Dear OpenBIOS project members and other interested parties,
There has been a lot of rumours and discussion about the "availability" of sources for Award BIOS and other commercial firmwares on this mailing list recently. These sources were apparently available from their authors accidently. Due to the copyright and patent infringement implied by such actions as well as the fact that reusing faulty commercial concepts for an open-source firmware implementation is simply a bad idea I have to set down the following ground rules in order to achieve a clean implementation of our project goals and avoid possible future prosecution:
1) The goal of this project is to develop a free, open source, architecture independant firmware implementation following, when possible, the IEEE Standard for Boot (Initialization Configuration) Firmware (IEEE 1275-1994).
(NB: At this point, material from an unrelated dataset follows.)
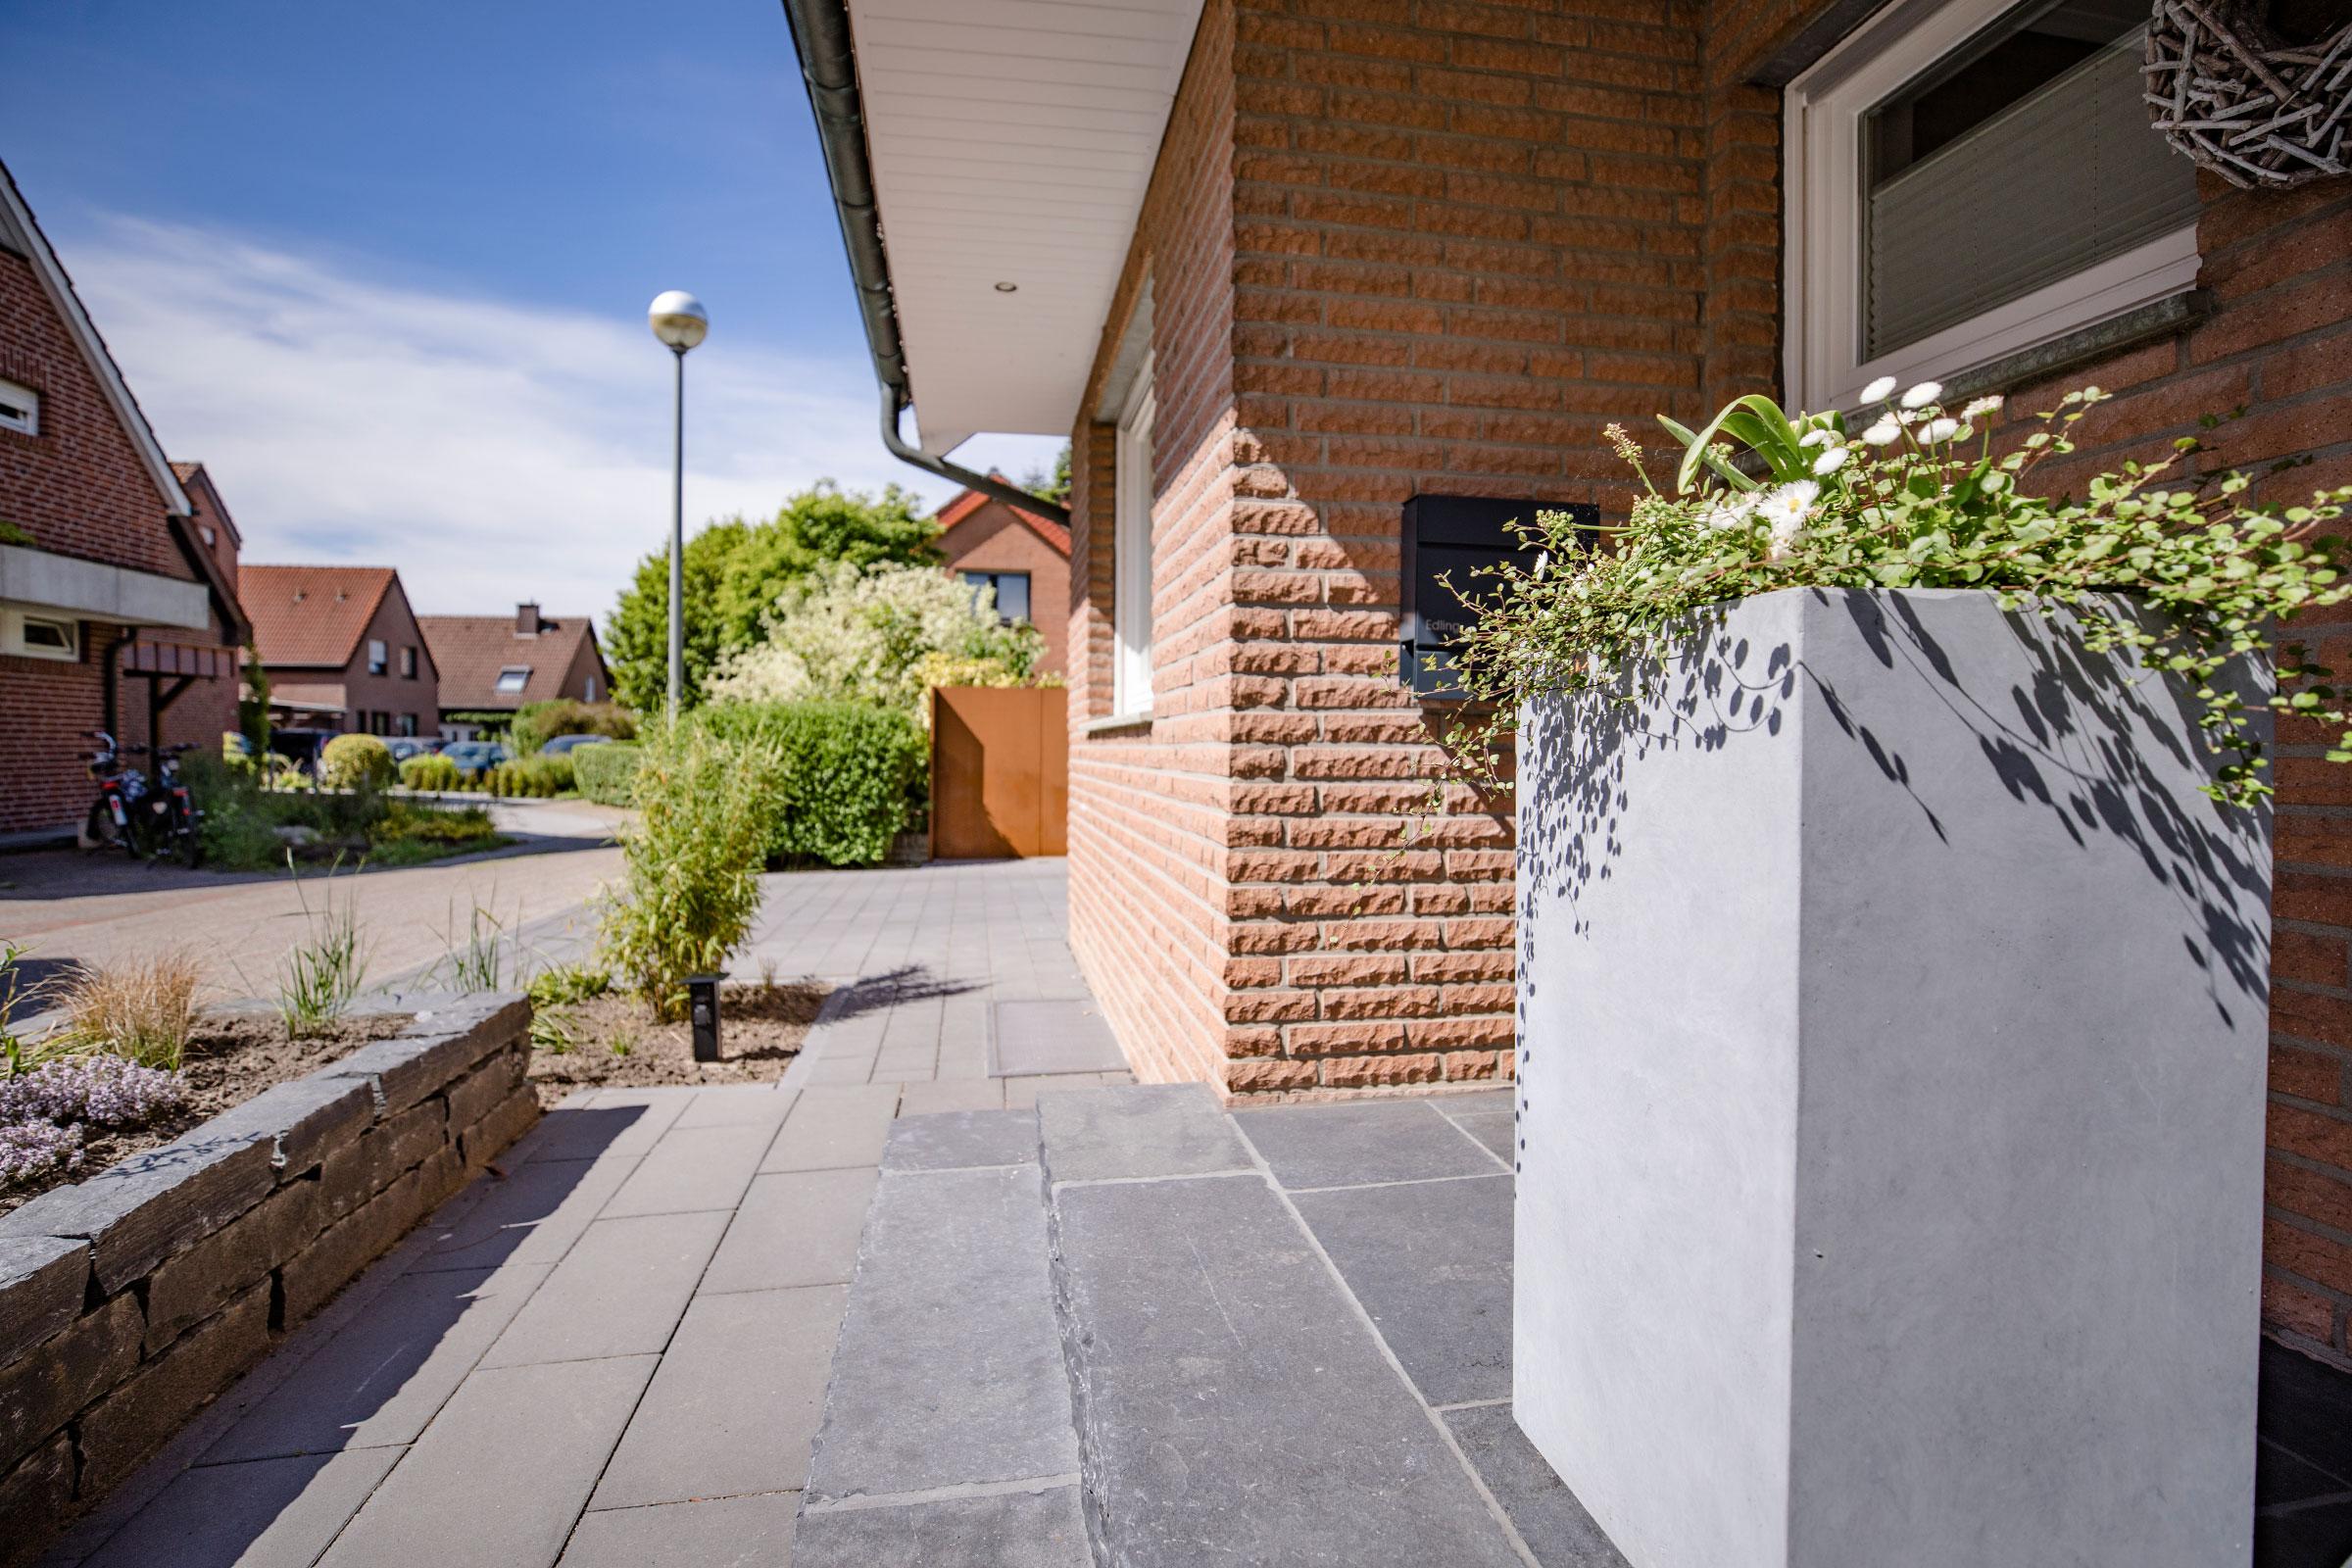 Link zur Bilddatei: Schulze-Tertilt_Referenzen_wohnhaus_vorgarten_blumentopf_beton

Including not only the implementation of the standard itself but also the required toolkit consisting of a C to FCode compiler, an FCode tokenizer and an FCode detokenizer. This toolkit will simplify driver and API development implementing ANSI C as the development language instead of Forth/FCode as suggested by the IEEE standard.
2) We cannot allow _any_ discussion or use of _any_ copyrighted, patented, or otherwise protected Firmware or BIOS implementations in this project or on the mailing list associated with this project. All members of this project and/or the according mailing lists agree to not disclose or use any copyrighted, patented, or otherwise protected information, ideas or concepts.
3) We do not intend to implement any of the ideas or concepts expressed in the current Intel 32bit architechture, except when these are necessary to insure the compatability with existing hardware. Such ideas and concepts will only be used if such use is not restricted by _any_ laws, copyrights or patents.
4) In order to assure truly universal implementation and/or optimize the functionality and performance it is our expressed wish to work in conjunction with other open source firmware projects.
5) Cooperation with hardware vendors is necessary to implement this project on an architecture-independent basis. In certain cases this may include signing non-disclosure agreements with the aforementioned hardware vendors in an attempt to acquire hardware specific information or support that may not otherwise be available although the results of such cooperation must be freely redistributable.
6) Cooperation with any university, research project, or organization is desired except in such cases where the resulting information is restricted in use or redistributability.
7) Although we agree with the ideas promoted by the free software foundation we do not and/or cannot necessarily agree with all of the rules set by the foundation. In this light it could, to some extent, be a contrast of wishes to become an offical GNU project.
If, for whatever reasons, any of the above statements are unacceptable or seem to be inccorect or unclear in _any_ way please do not hesitate to discuss this matter on the mailing list, I am open for suggestions. This is simply an attempt to assure the legal stauts of this project, protecting those involved from legal prosecution as well as to state the general goals of the project.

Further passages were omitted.